Families donate one tenth of their annual income to the poor, known as an offering Zakat, one of the FIVE pillars of islam.
✪ INDEPENDENCE DAY :
Morocco independence day takes place on 18th November every year. It is the anniversary of the royal family return to Morocco from exile in Madagascar in 1955 and the lebirty from France and Spain who colonized the country for 44 years. On this day there are parades, variety of food which is sold by street vendors and a special ceremonies take place at the King’s palace and promoting people’s loyalty to the king. Also streets are adorned with Moroccan flags and the Moroccan TV broadcasts documentaries about famous Moroccan celebrities.

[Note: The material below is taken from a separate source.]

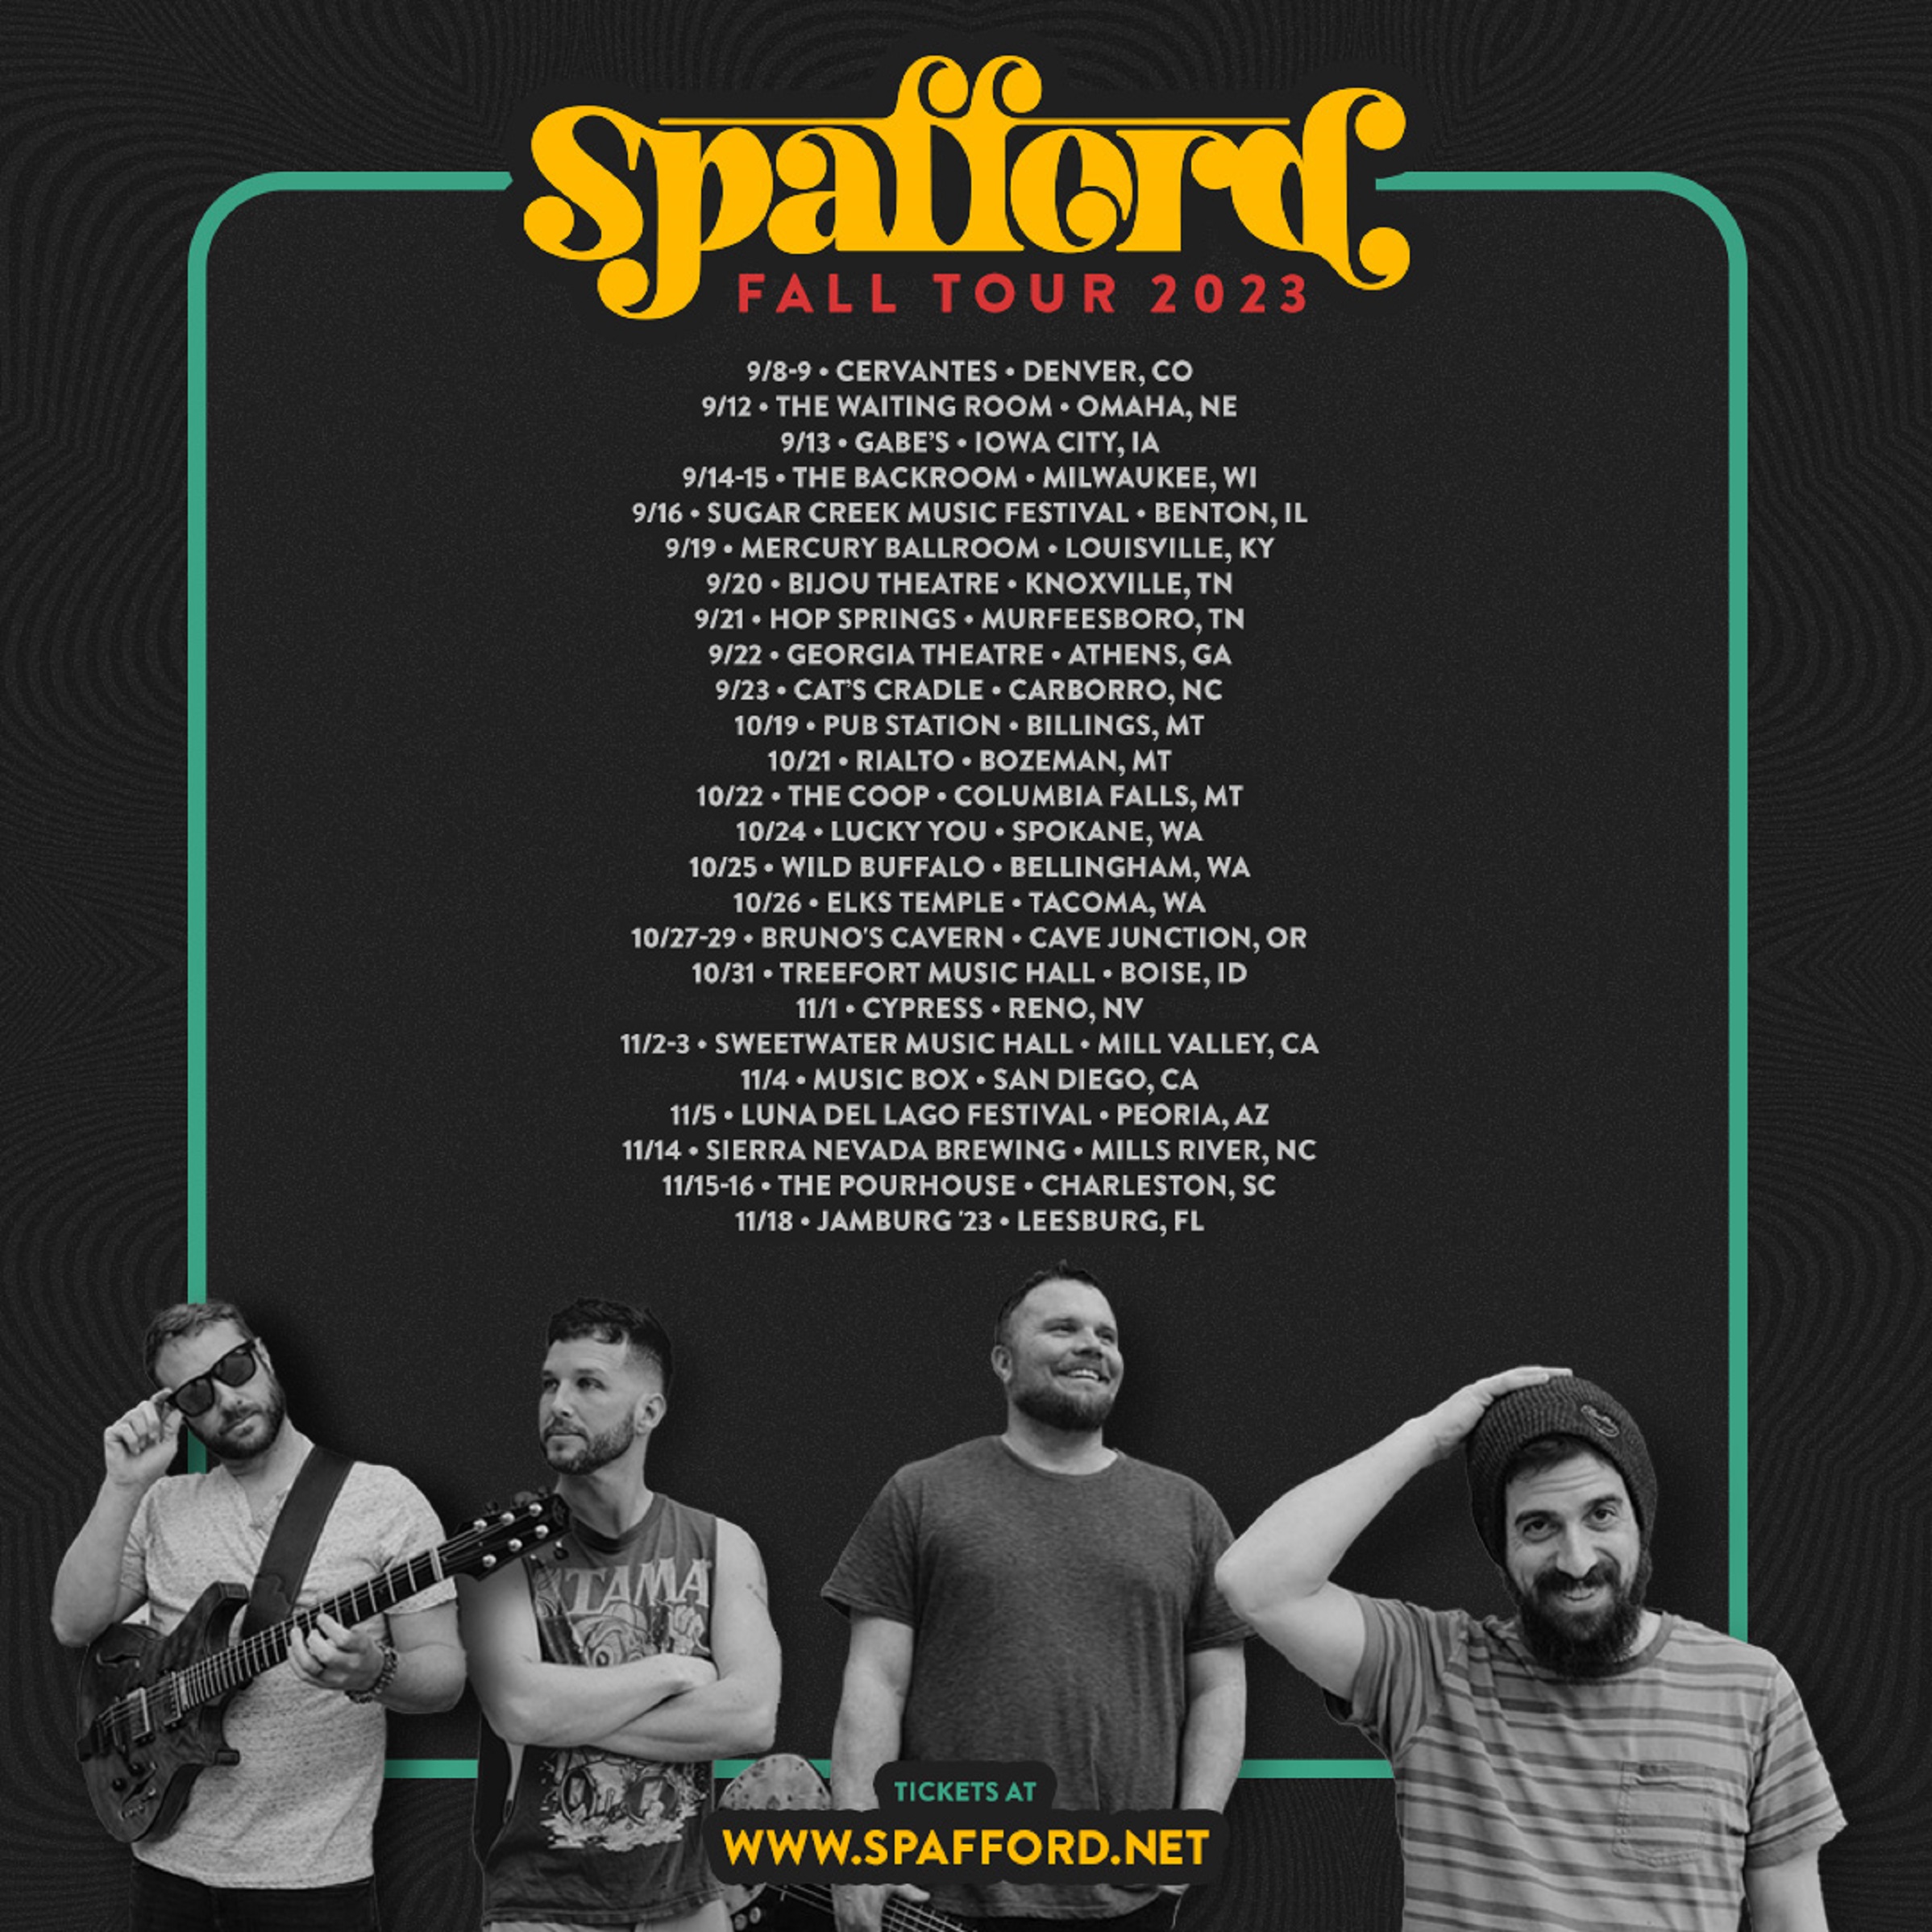 Spafford Commences 2023 Fall Tour with Unique Covers and an Original Nod to Colorado
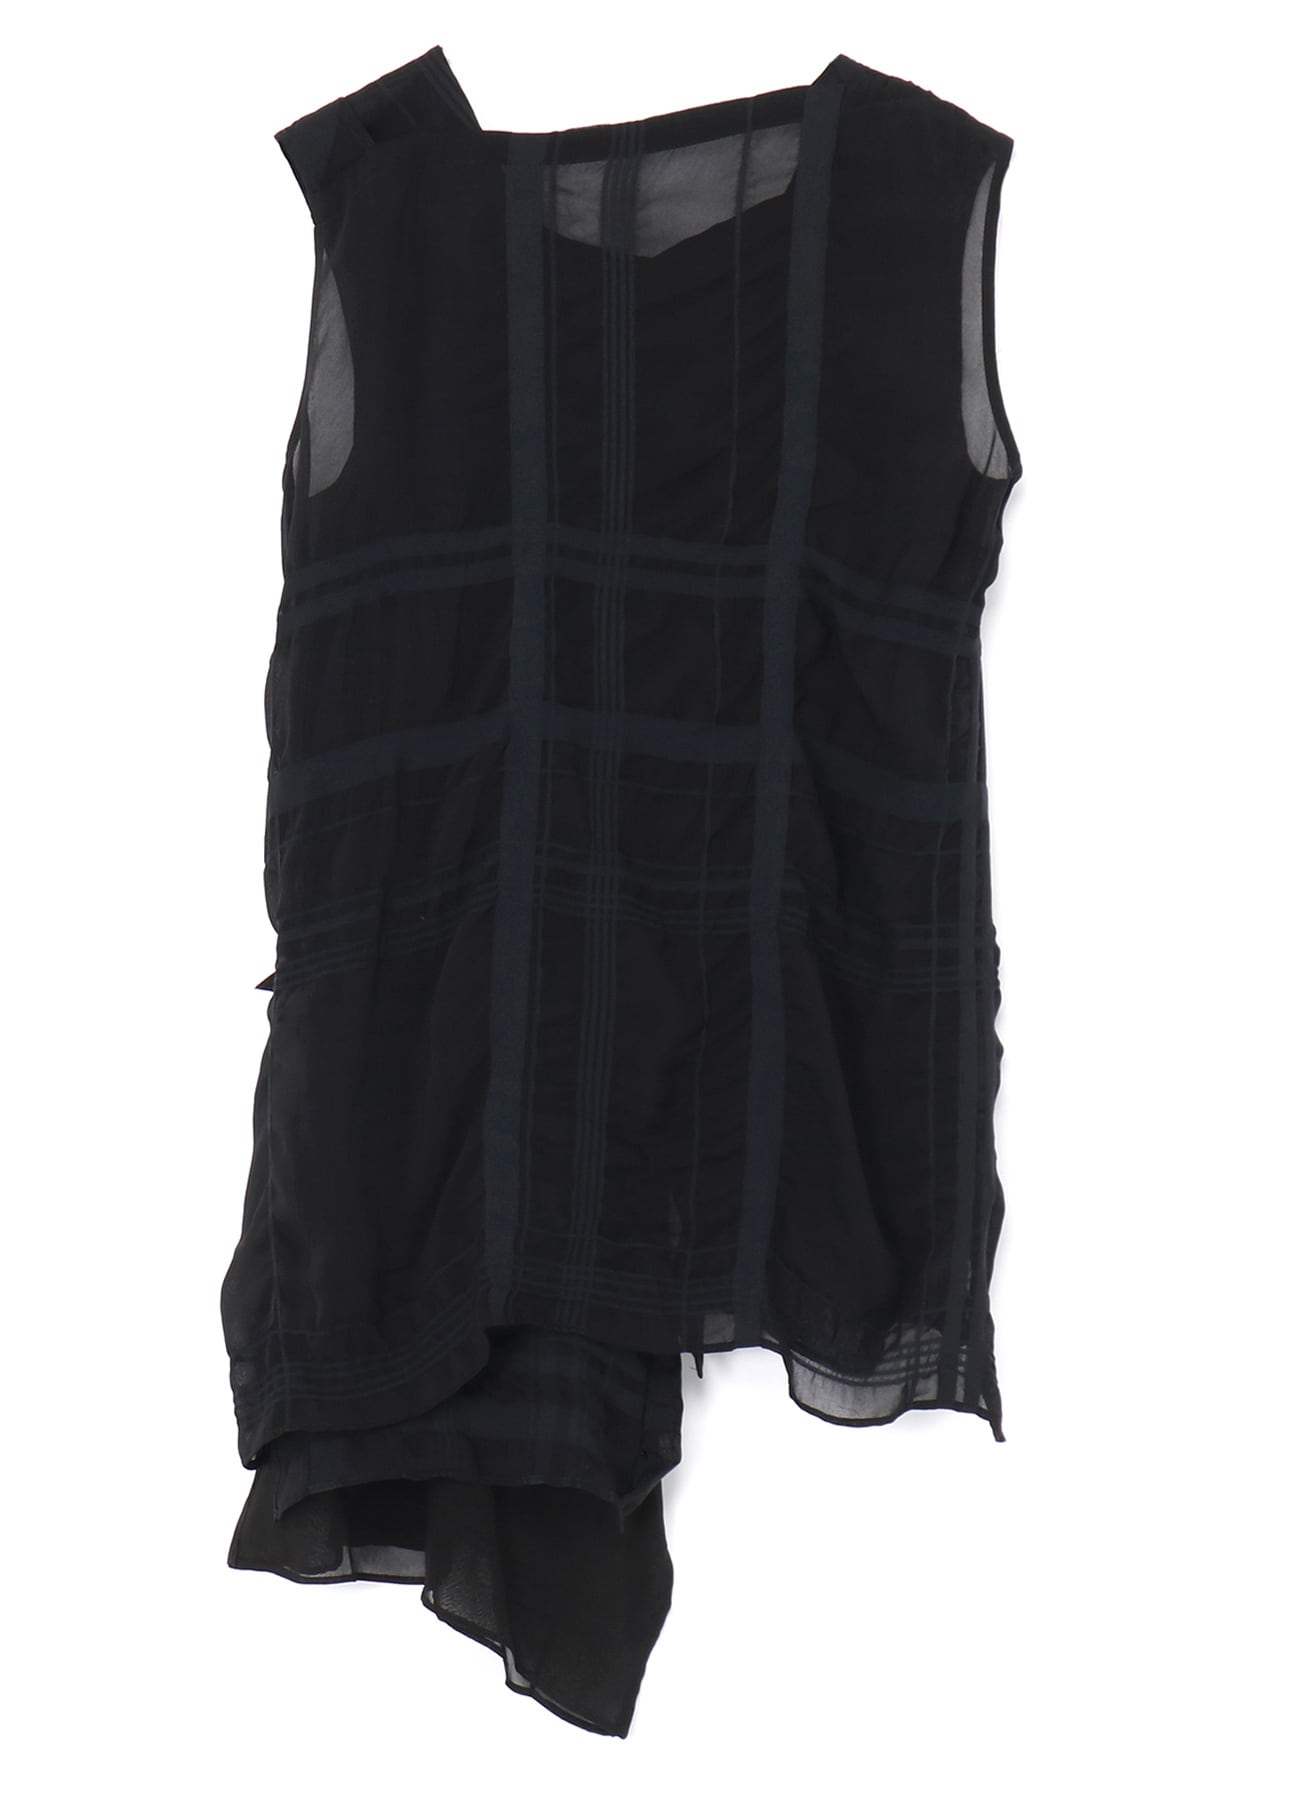 SLEEVELESS TOP WITH FLAP PANEL

✪ GREEN MARCH (6th November) :
The Green March was a strategic mass demonstration in November 1975, coordinated by the Moroccan government, to force Spain to hand over the disputed, autonomous semi-metropolitan Spanish Province of Sahara to Morocco. Up to 350,000 unarmed Moroccans joined with 27,000 soldiers marched to the Western Sahara border calling for the disputed territory to be returned to Morocco.